In the 32-bit versions `h<<` etc are also defined, but are the same as
`<<` etc. This way you can avoid conditional compilation if you are
writing bit-twiddling code that needs to run in both 64- and 32-bit

However, you will probably have some other situations where your code
has to be sensitive to stack cell size. A constant 64bit? is defined,
which is set true in the 64-bit versions and false in the 32-bit
versions. You can use this constant for conditional compilation, e.g.
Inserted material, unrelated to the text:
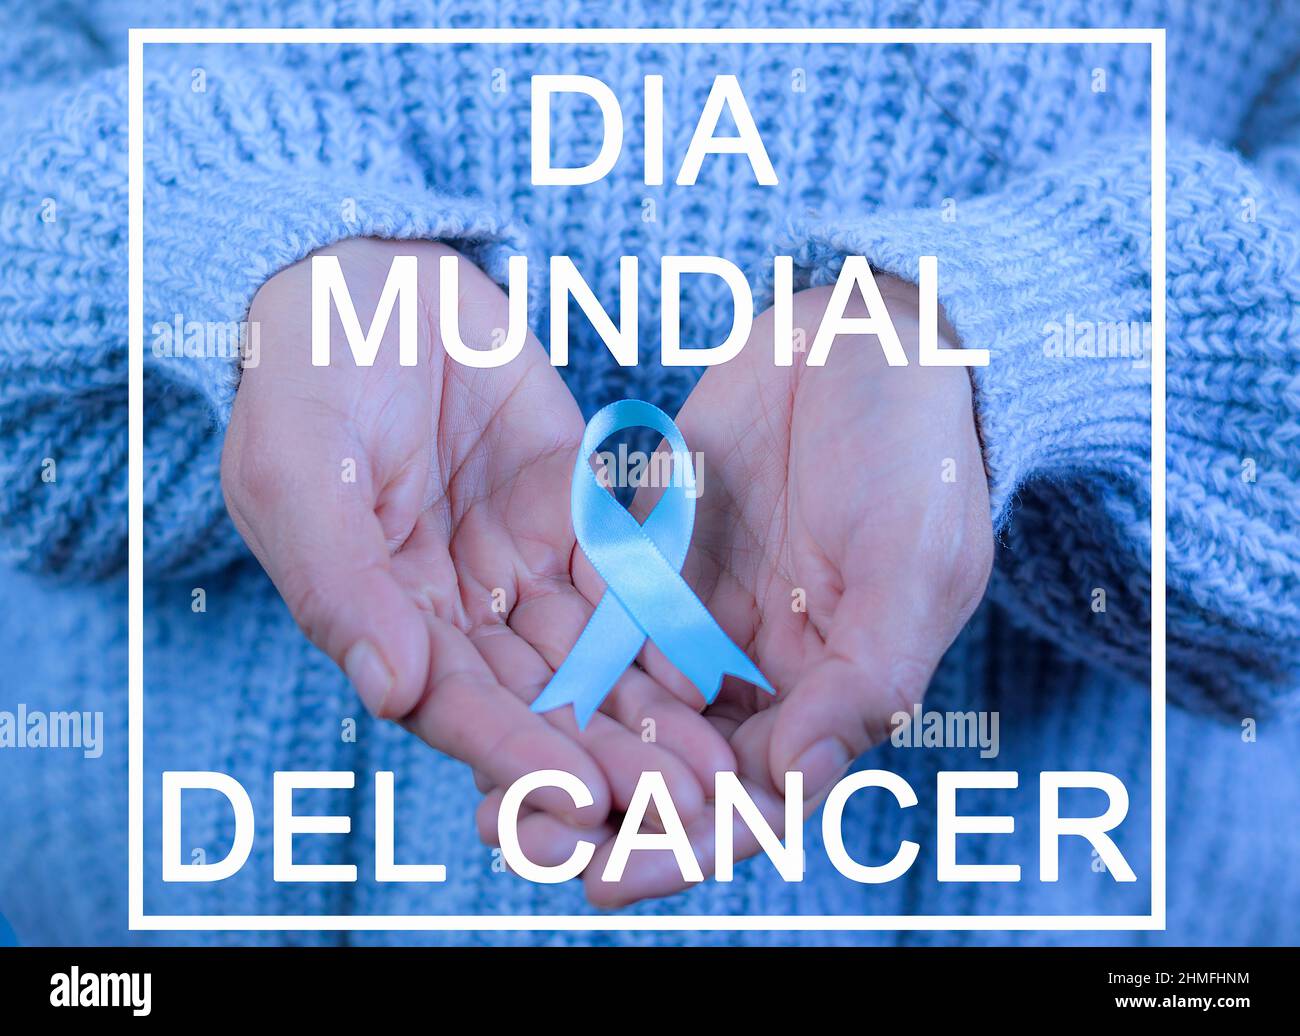 November Prostate Cancer Awareness Month, A Woman's Hands Holding Blue Ribbon in Support of People with Cancer. Prostate cancer and health awareness c Stock Photo

`: fetch_whatever  ( addr -- n )`
`   [ 64bit? ] [if]  z@  [else]  @  [then]  ;`

There are plenty of more sensible examples in the code generator itself
-- the source code is in the "PPC source" folder.

### Mach-O support

To use the Mach-O executable format, you must be running under OSX.
Then, simply fire up one of the Mach-O versions -- either the 32- or
64-bit version. When you install an application, it will be in Mach-O

Running under Mach-O is basically the same as running under CFM (Code
Fragment Manager, the "traditional" format for MacOS code). The
changes are mainly at a very low level, and we have tried to make them
transparent to anyone writing "normal" programs. The main changes
involve the detailed implementation of callbacks (from the system to
your code), but they don't change the Mops syntax in any way.
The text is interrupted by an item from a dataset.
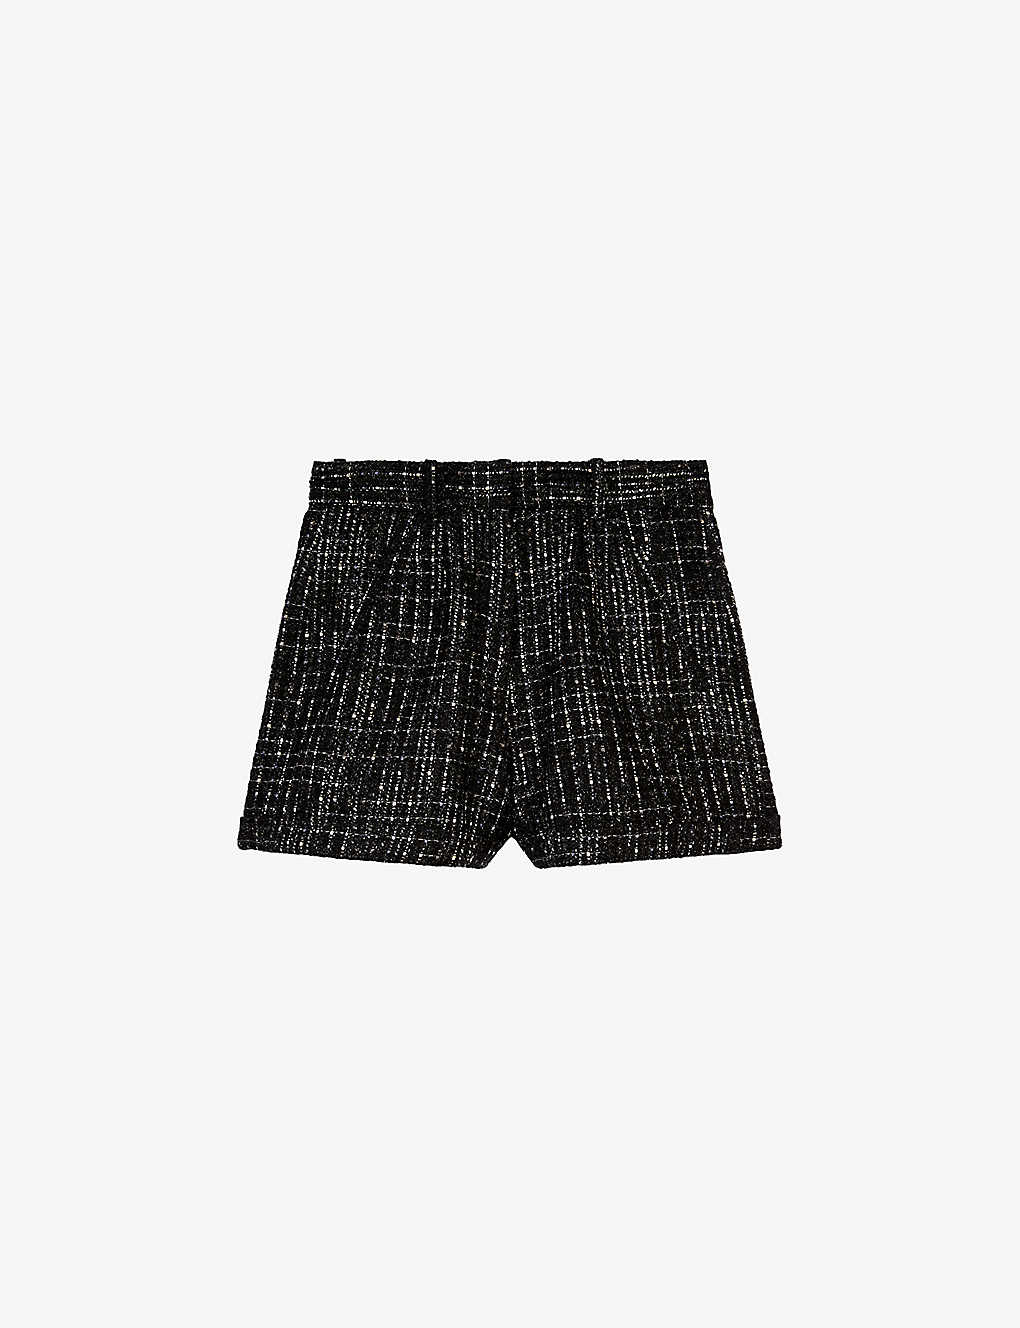 Shop The Kooples Women's Black White Textured-weave High-waisted Tweed Shorts

## A note about Intel Macs

Since these are now with us, and PowerMops generates PowerPC machine
code, inevitably the question is going to come up as to whether native
code on Intel Macs will be supported.

No, it won't. PowerMops will run as it always has, under Rosetta (which
allows PowerPC code to run on Intel Macs), but to run natively the code
generator would need to be rewritten to target the Intel architecture.
This could be done, since it's written in Mops, but would take a lot of
time. Adaptation to another RISC-style architecture could be done in a
fairly straightforward way. The Intel architecture, however, is
basically early-1980s vintage and is CISC, not RISC. Adaptation would
be, let's say, exciting and challenging. And take even more time A LOT
of time. It's not time that I have any enthusiasm whatever for putting
in, especially as I strongly dislike the Intel architecture.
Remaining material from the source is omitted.